Jakarta Utara, – Kehadiran gerai Indomaret yang berdiri bersebelahan dengan Pasar Waru menuai sorotan dan kekecewaan dari kalangan pedagang setempat, Minggu (19/4/2026) Lokasi gerai tersebut berada di Jalan Cilincing, Lagoa Terusan, Kecamatan Koja, Jakarta Utara.
Salah satu pedagang yang diwawancarai dengan inisial (B) menyatakan rasa kecewanya, mengingat pendirian minimarket tersebut dinilai melanggar ketentuan yang berlaku, namun hingga saat ini belum ada tindakan tegas yang diambil oleh pihak berwenang.
“Kami sangat menyayangkan keberadaan Indomaret ini. Sampai saat ini tidak ada tindakan apa pun, padahal aturan tentang jarak pendirian toko modern dengan pasar tradisional sudah diatur dengan jelas,” ungkap (B) saat diwawancarai.
Isu ini semakin mengemuka seiring dugaan bahwa bangunan gerai Indomaret tersebut tidak dilengkapi dengan Izin Mendirikan Bangunan (IMB) maupun izin operasional yang sah. Selain itu, pendiriannya juga diduga melanggar ketentuan jarak minimal yang diatur untuk melindungi keberlangsungan pasar tradisional.
Fidri, yang akrab disapa Ari Gomes dari organisasi Wartawan Dinamika Jurnalis Progresif DPD Jakarta Utara, juga menyoroti permasalahan ini.
Menurutnya, keberadaan toko modern yang tidak sesuai aturan tidak hanya merugikan pedagang tradisional, tetapi juga menciderai sistem peraturan yang telah ditetapkan.
“Keberadaan gerai ini seolah-olah mengabaikan aturan yang ada. Padahal, aturan jarak dan perizinan dibuat untuk menciptakan keseimbangan antara usaha modern dan tradisional. Jika ini dibiarkan, bukan tidak mungkin akan ada gerai serupa lain yang meniru hal yang sama,” ujar Ari Gomes.
Secara hukum, penataan keberadaan pasar tradisional dan toko modern diatur dalam Peraturan Presiden Nomor 112 Tahun 2007 tentang Penataan dan Pembinaan Pasar Tradisional, Pusat Perbelanjaan dan Toko Modern. Dalam peraturan ini, diamanatkan bahwa penetapan jarak minimal antara kedua jenis usaha tersebut diserahkan kepada Pemerintah Daerah masing-masing, yang biasanya disesuaikan dengan kondisi zonasi wilayah untuk memastikan terciptanya persaingan usaha yang sehat dan adil.
Sebagai acuan umum, di beberapa daerah seperti DKI Jakarta, ketentuan yang berlaku menetapkan jarak minimal antara toko modern dengan pasar tradisional adalah sejauh 500 meter. Ketentuan ini dibuat agar keberadaan toko modern tidak menggerus pangsa pasar dan mata pencaharian pedagang tradisional yang menjadi tulang punggung perekonomian warga setempat.
Aturan ini kemudian diperkuat lagi melalui Peraturan Menteri Perdagangan Nomor 23 Tahun 2021 tentang Pedoman Penataan dan Pembinaan Pasar Tradisional, Pusat Perbelanjaan, dan Toko Swalayan.

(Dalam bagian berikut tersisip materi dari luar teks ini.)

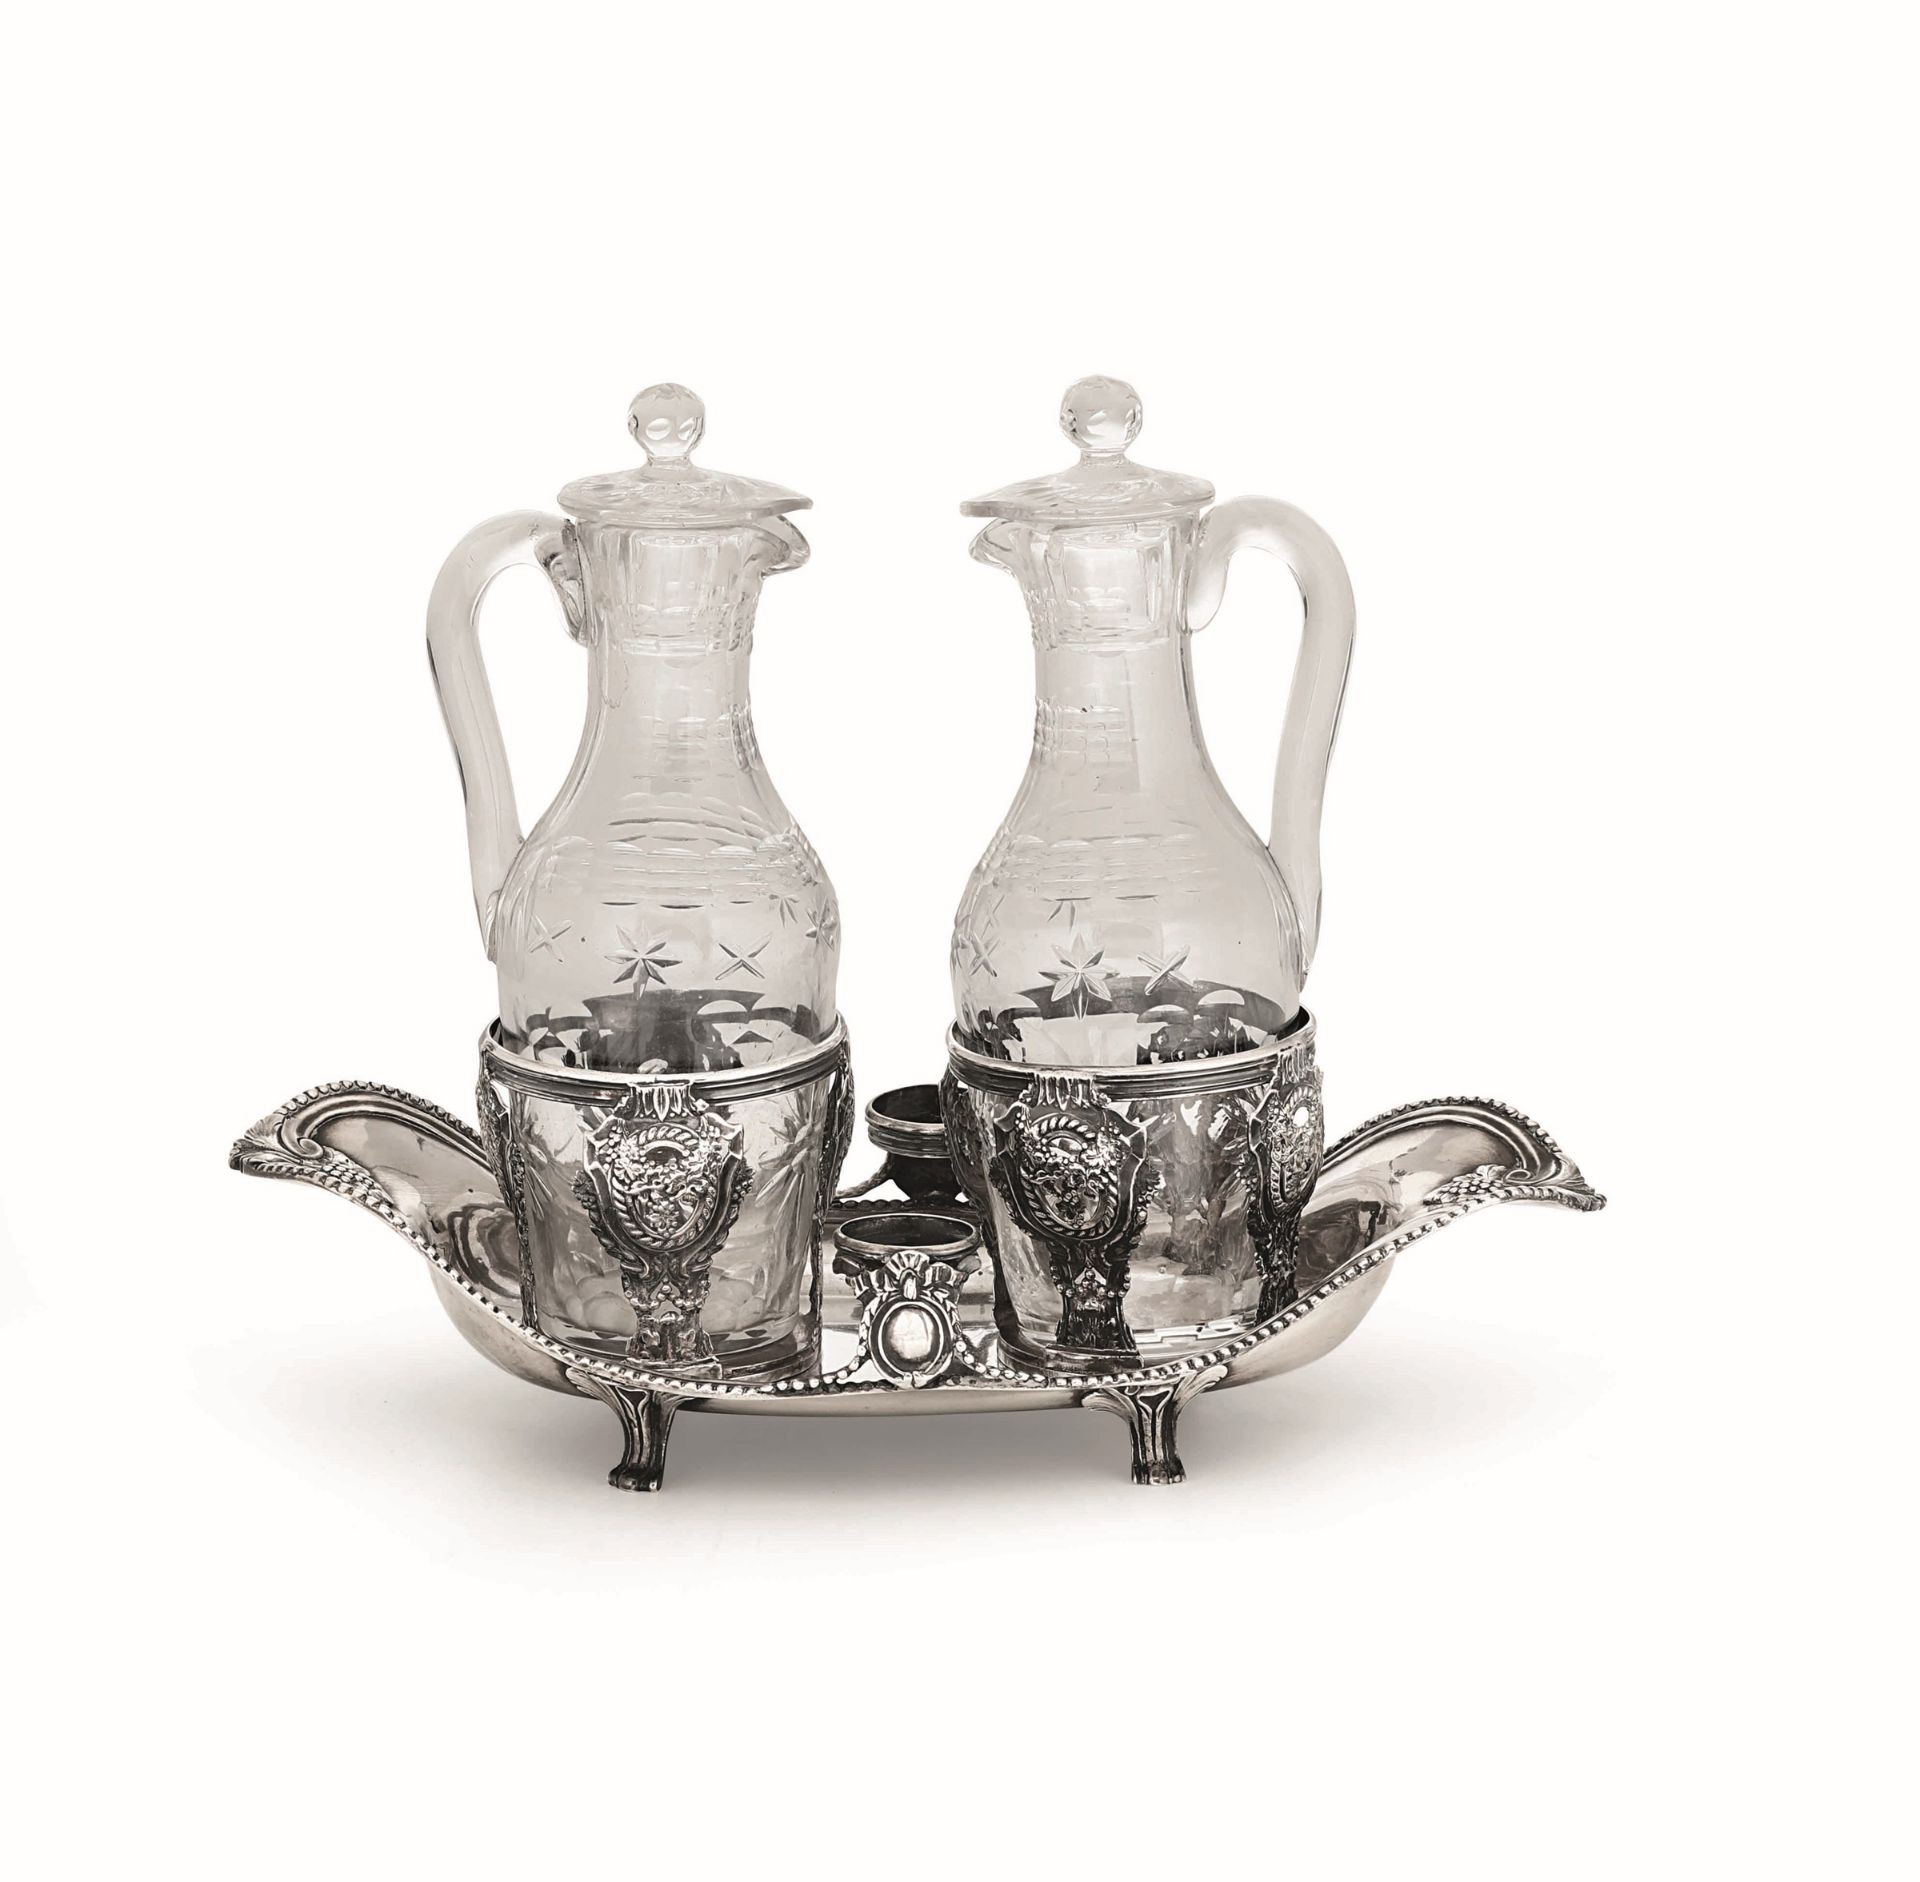 A silver cruet stand, France, late 1700s - Molten, embossed and chiselled silver with [...]
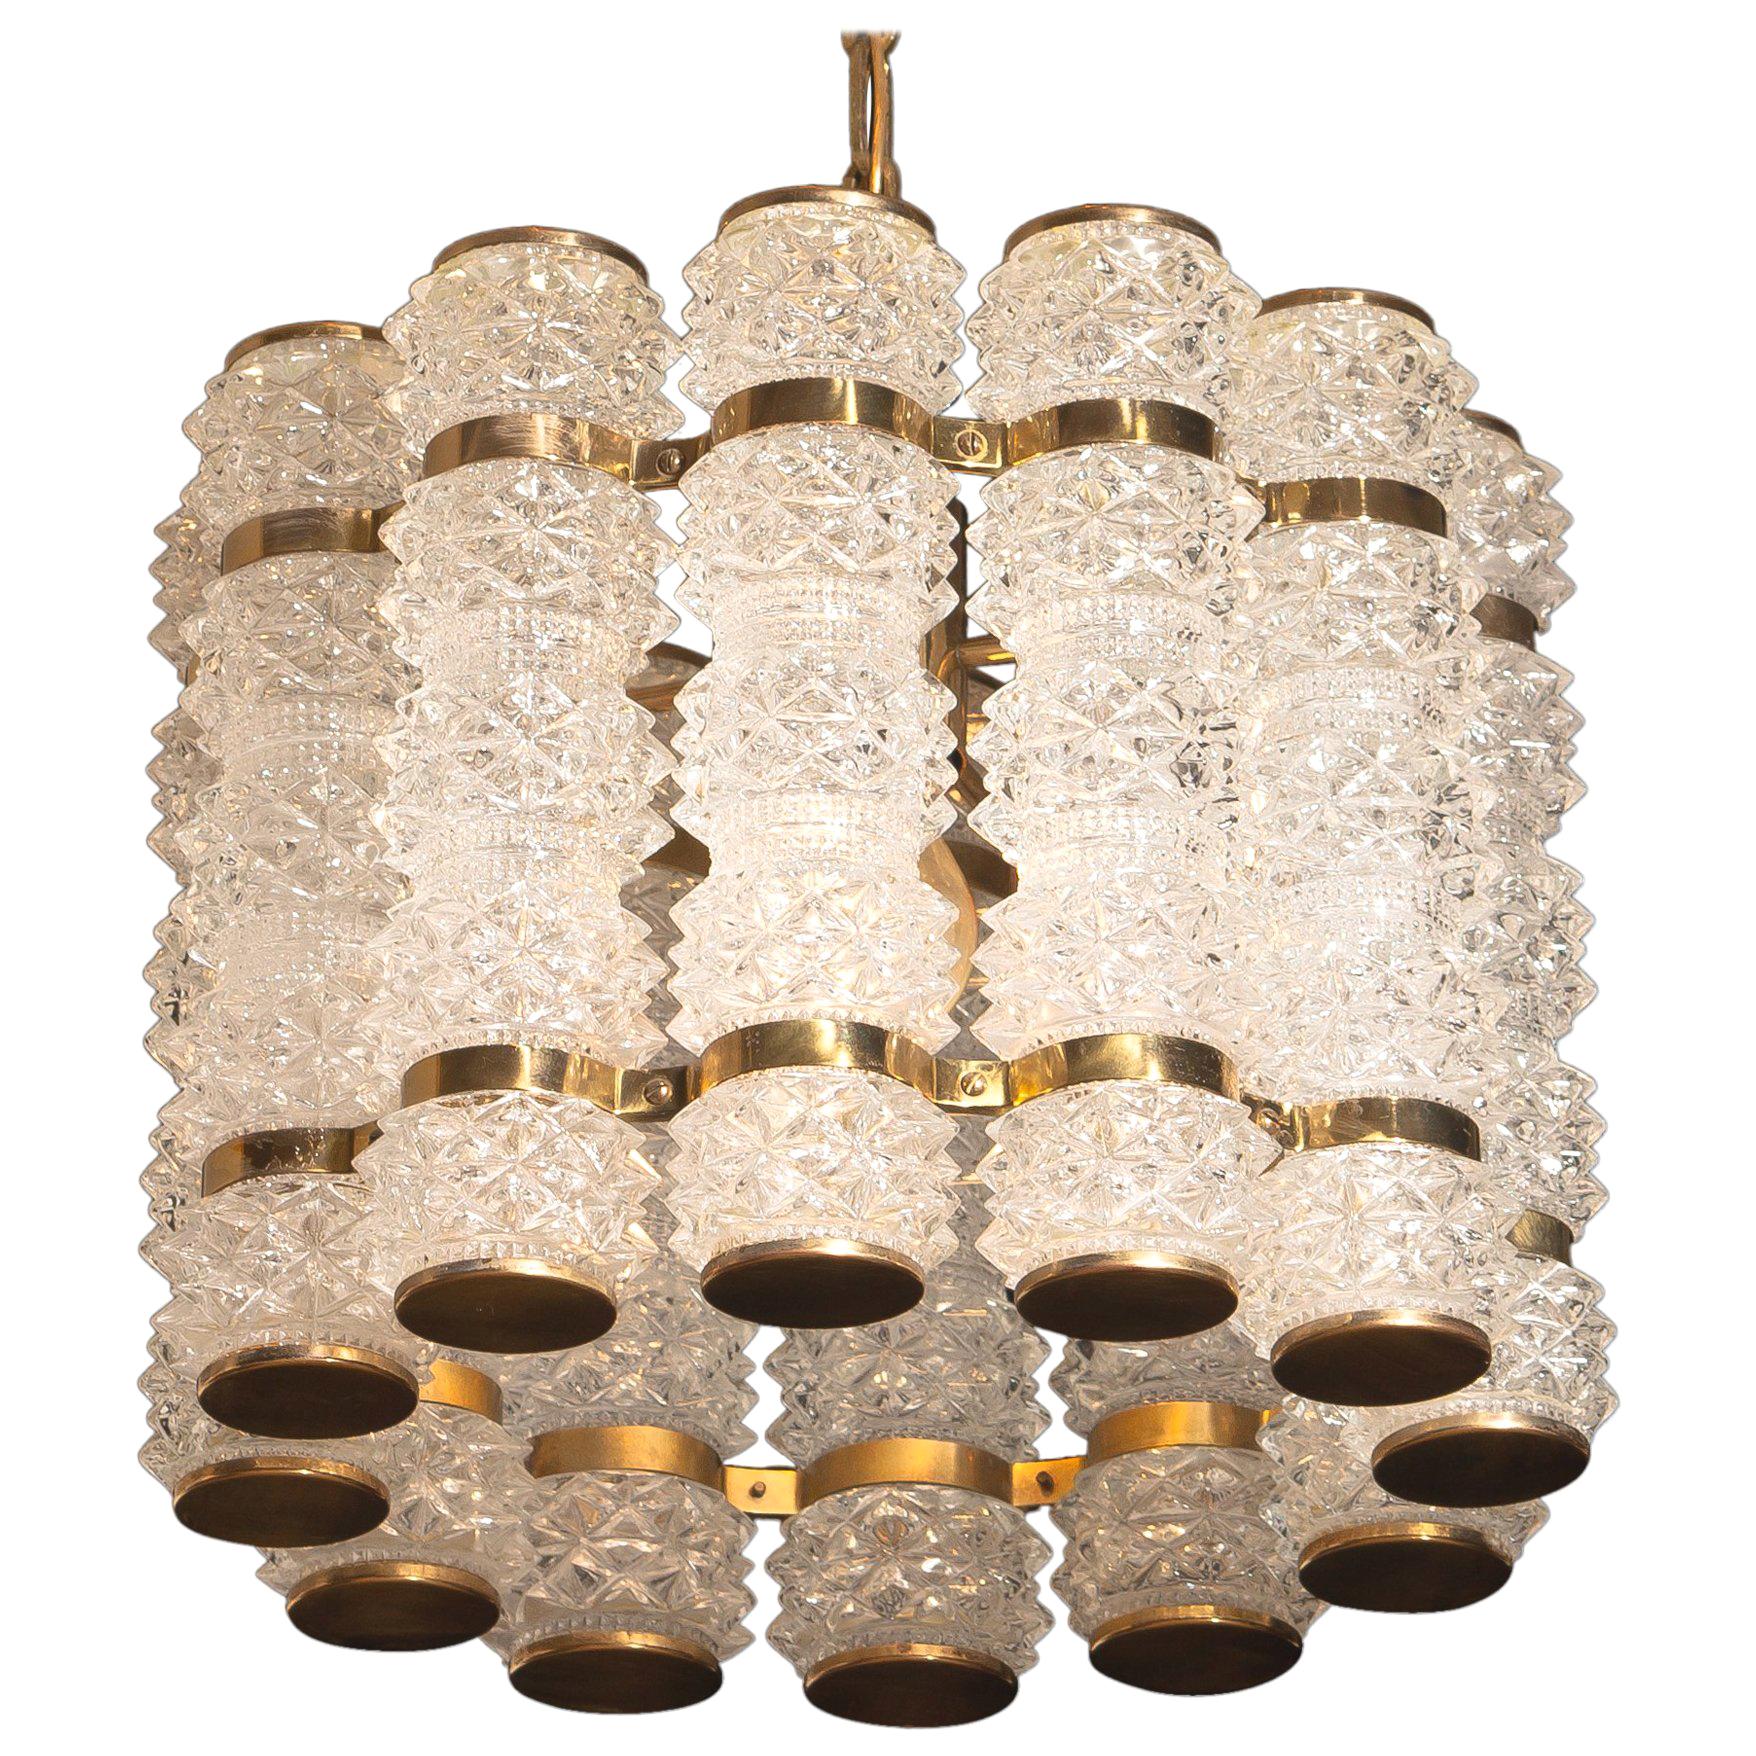 Mid-Century Modern 1960s, Brass and Crystal Cylinder Chandelier by Orrefors for Tyringe, Sweden

Dalam peraturan pendukung tersebut, ditegaskan bahwa pendirian toko modern tidak boleh sembarangan, melainkan harus mempertimbangkan berbagai faktor krusial, antara lain:
1. Tingkat kepadatan penduduk di wilayah tersebut;
2. Perkembangan dan sebaran pemukiman warga;
3. Dampak sosial dan ekonomi yang akan ditimbulkan, khususnya bagi keberlangsungan usaha di pasar tradisional sekitar.
Berdasarkan ketentuan yang berlaku, pelanggaran perizinan akibat lokasi yang tidak sesuai dapat berakibat penutupan paksa gerai sebagai bentuk penegakan hukum.
Para pedagang berharap agar pihak berwenang segera melakukan pengecekan menyeluruh terhadap kelengkapan izin dan kesesuaian lokasi gerai Indomaret tersebut. Langkah ini dinilai penting untuk menegakkan aturan yang ada sekaligus melindungi keberlangsungan usaha pedagang pasar tradisional yang telah lama menjadi andalan warga.